- **EXERCISE GOAL**:
Every line of the material must be restated exactly, though not its pictures.

- **DATA**:

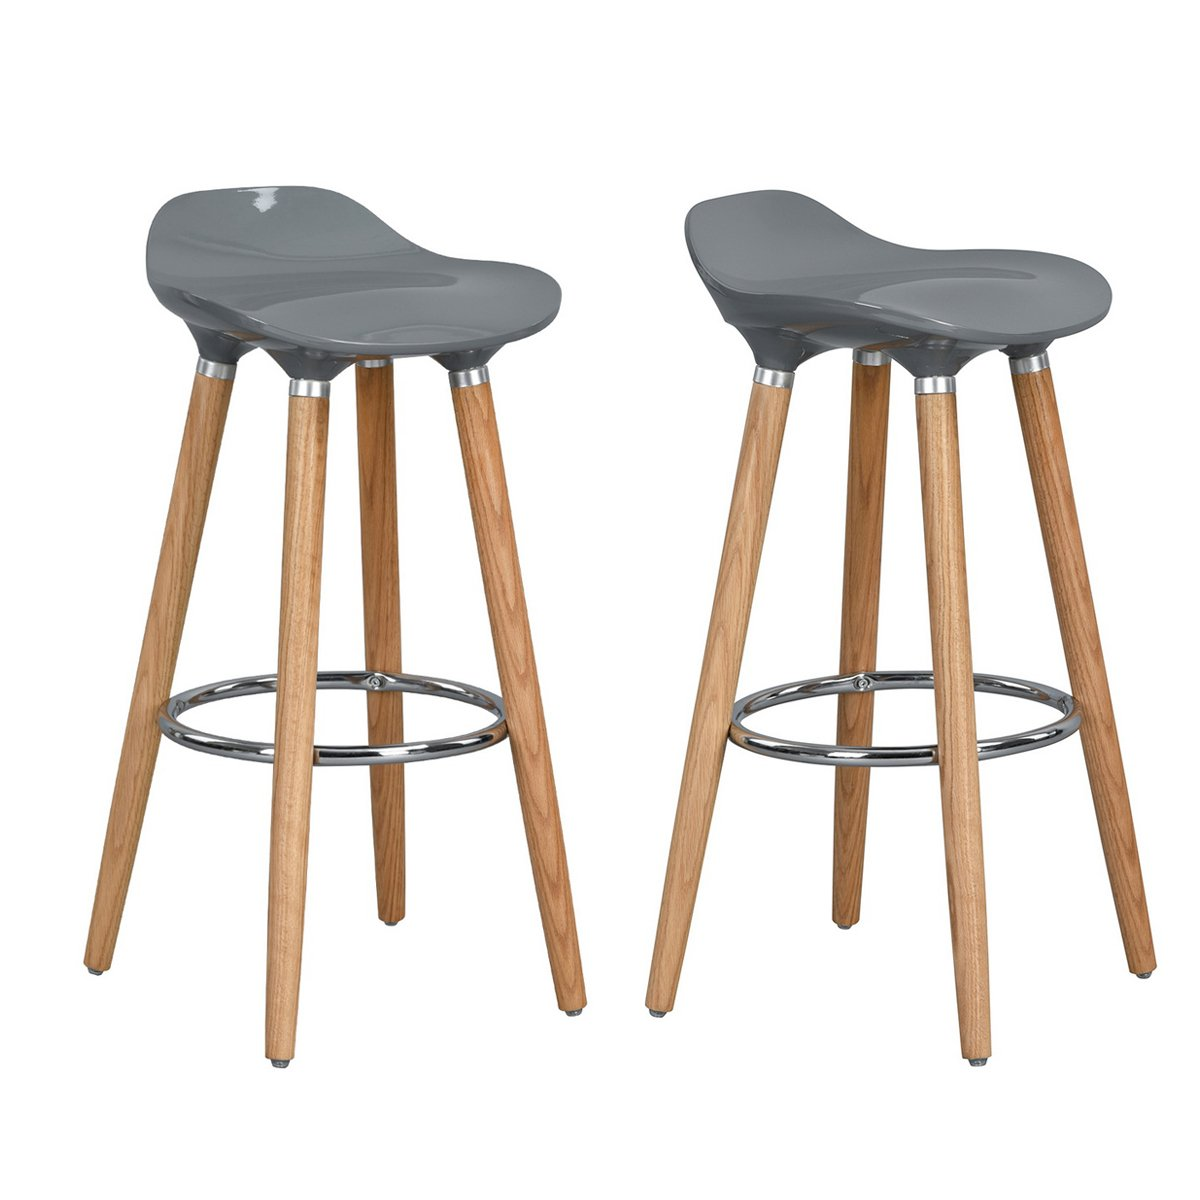 Amazoncom Homy Casa Barstools Set Of 2 Backless 30 Inch Bar Chair
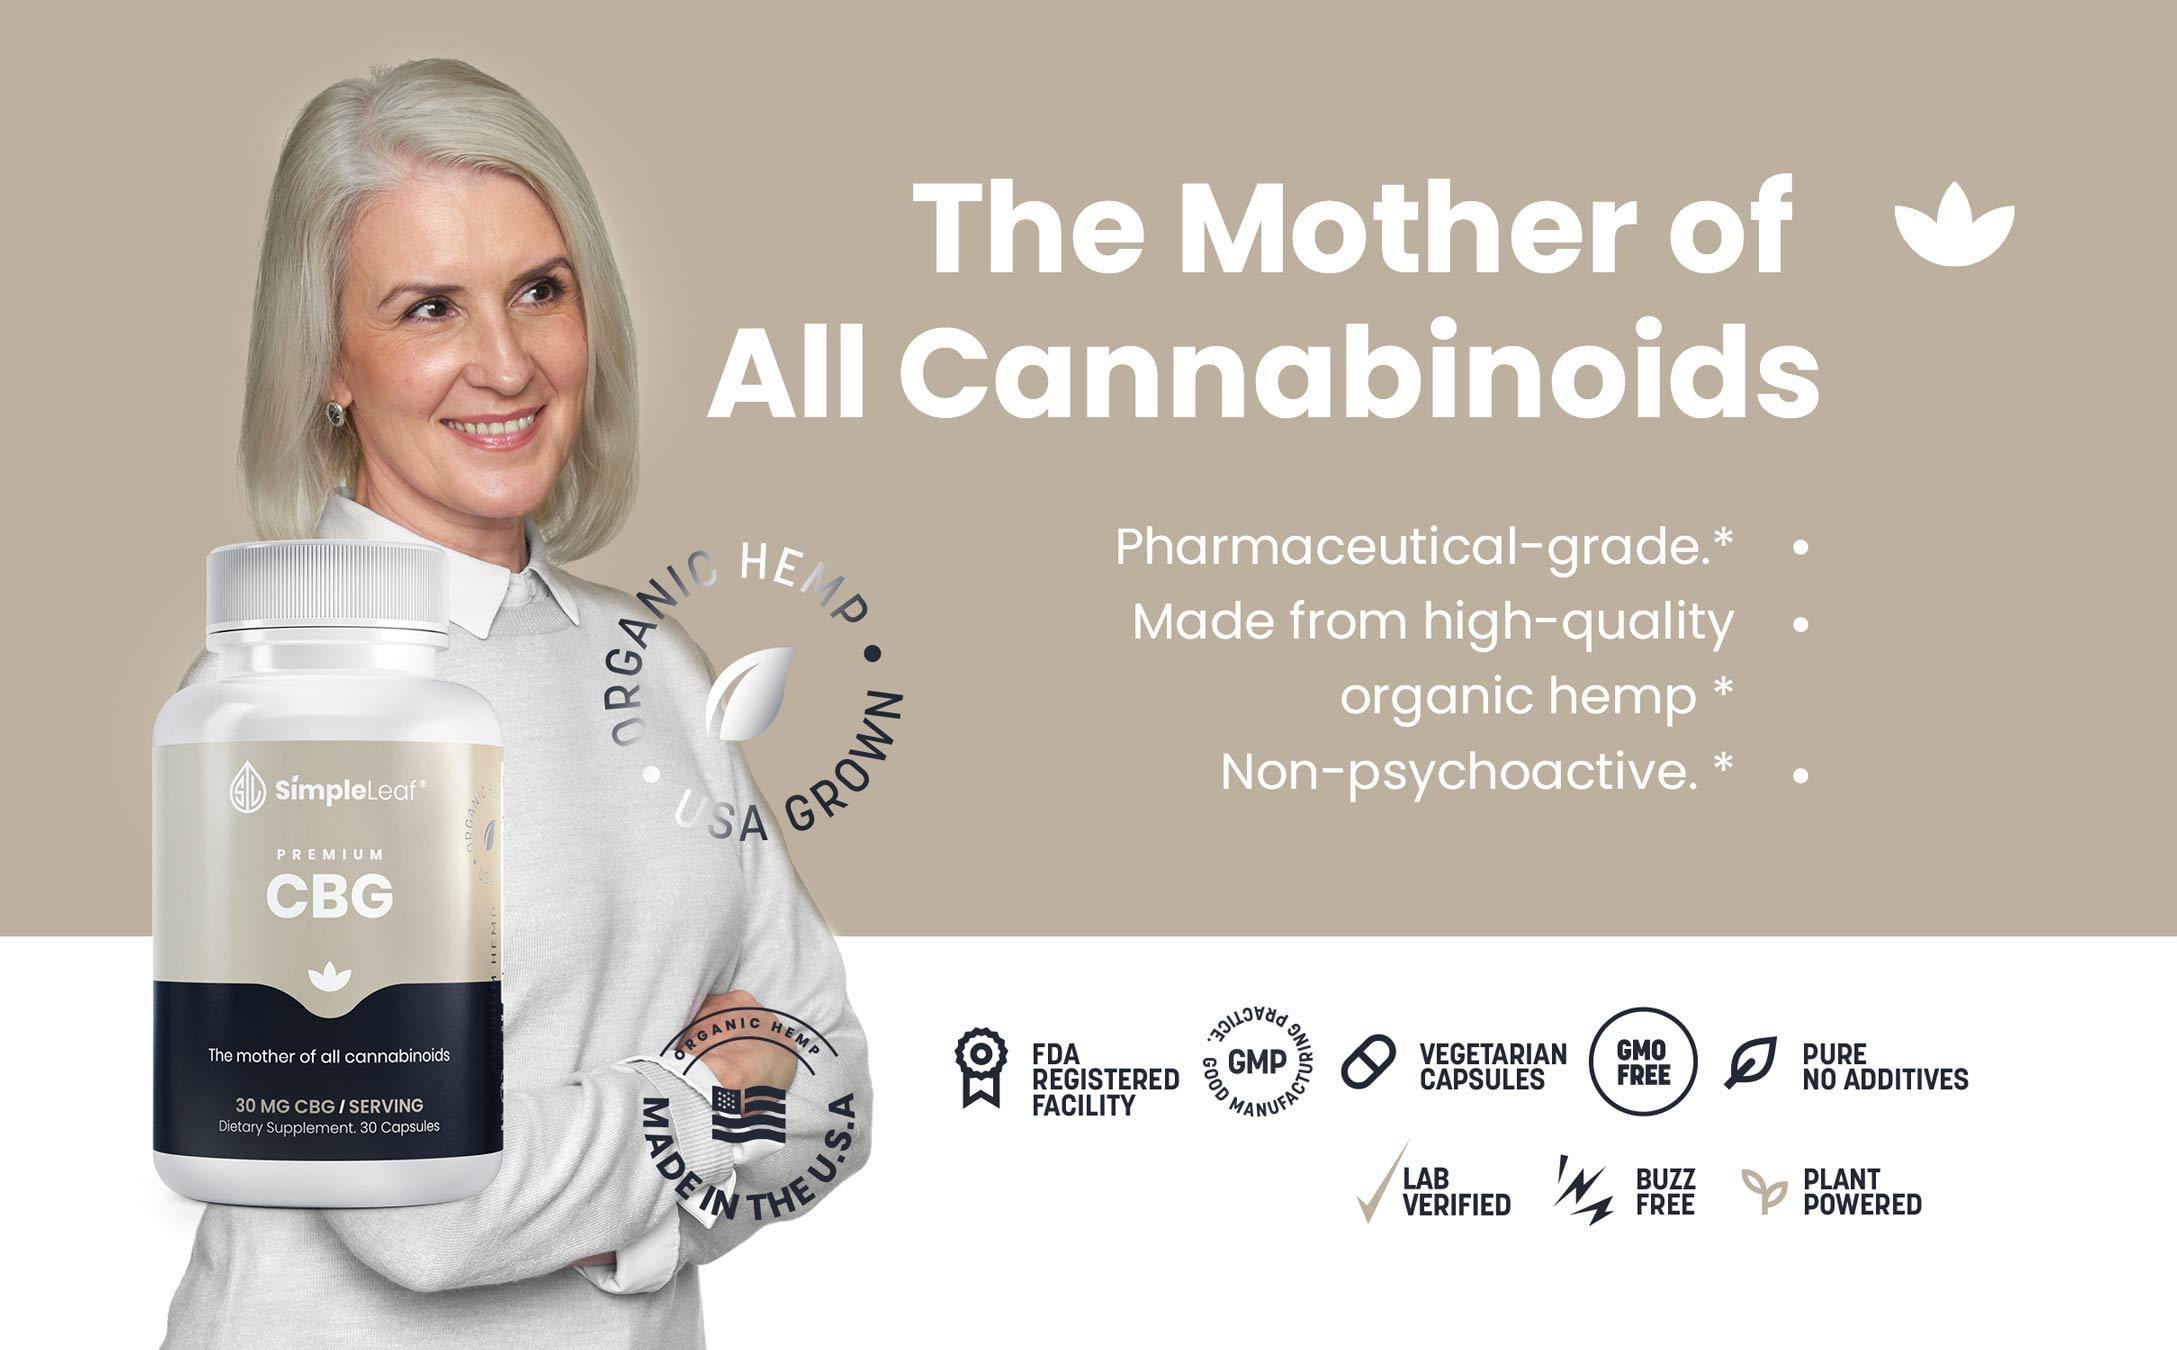 cbg, organic cbg, premium cbg, cannabigerol
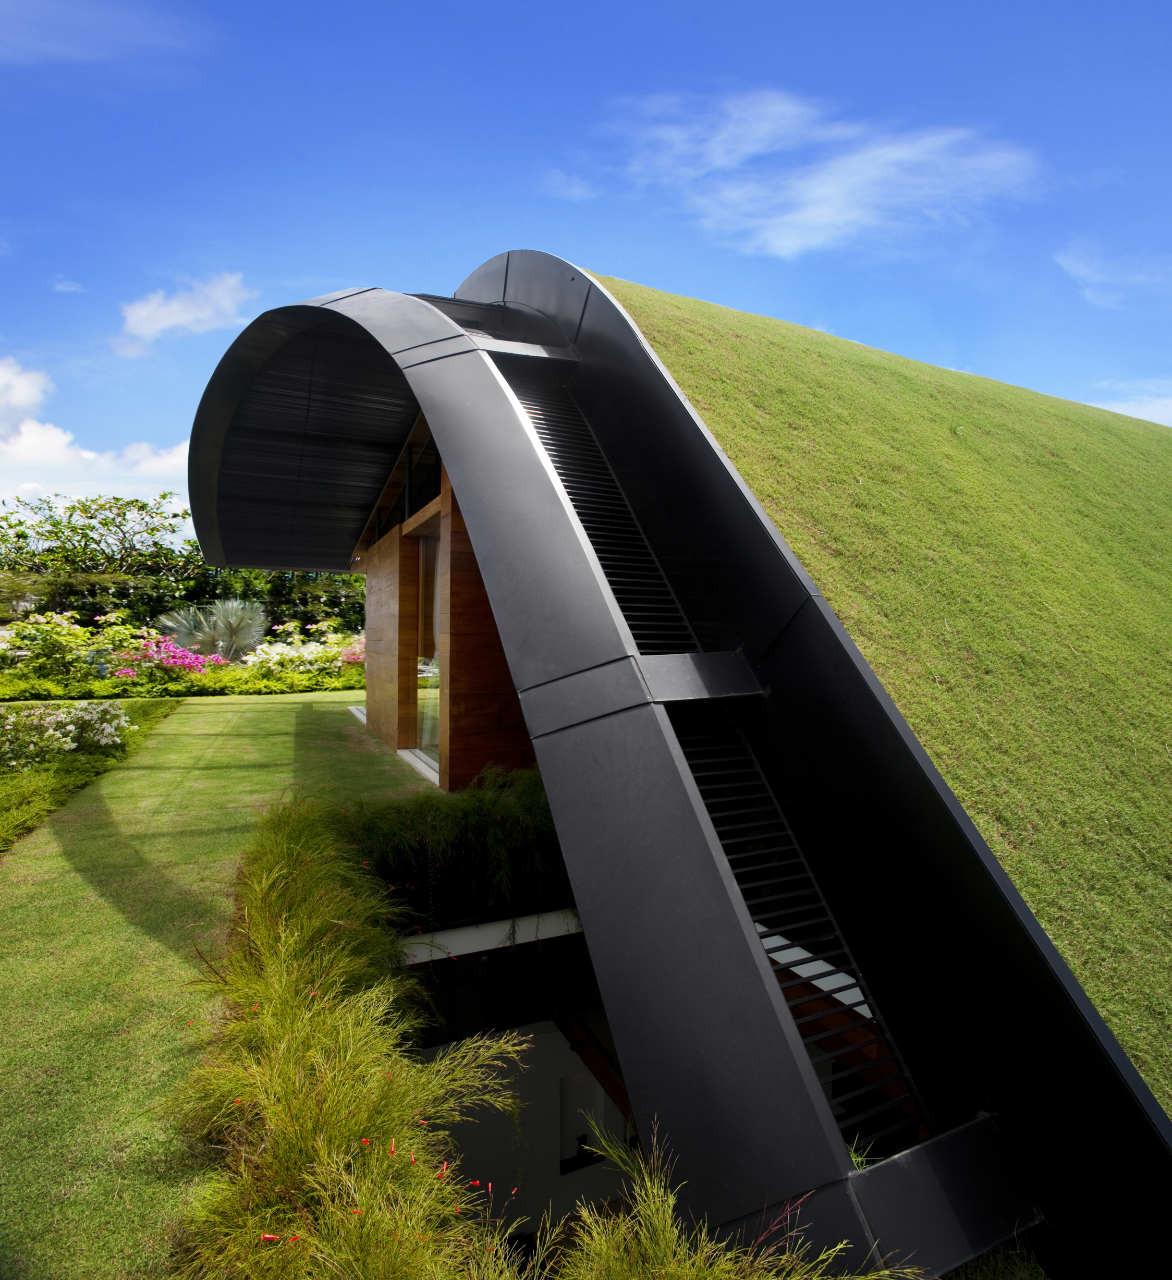 sky garden house Gallery of Sky Garden House / Guz Architects - 3

- **SOLUTION FOR THIS EXERCISE**:
 Amazoncom Homy Casa Barstools Set Of 2 Backless 30 Inch Bar Chair
 cbg, organic cbg, premium cbg, cannabigerol
 sky garden house Gallery of Sky Garden House / Guz Architects - 3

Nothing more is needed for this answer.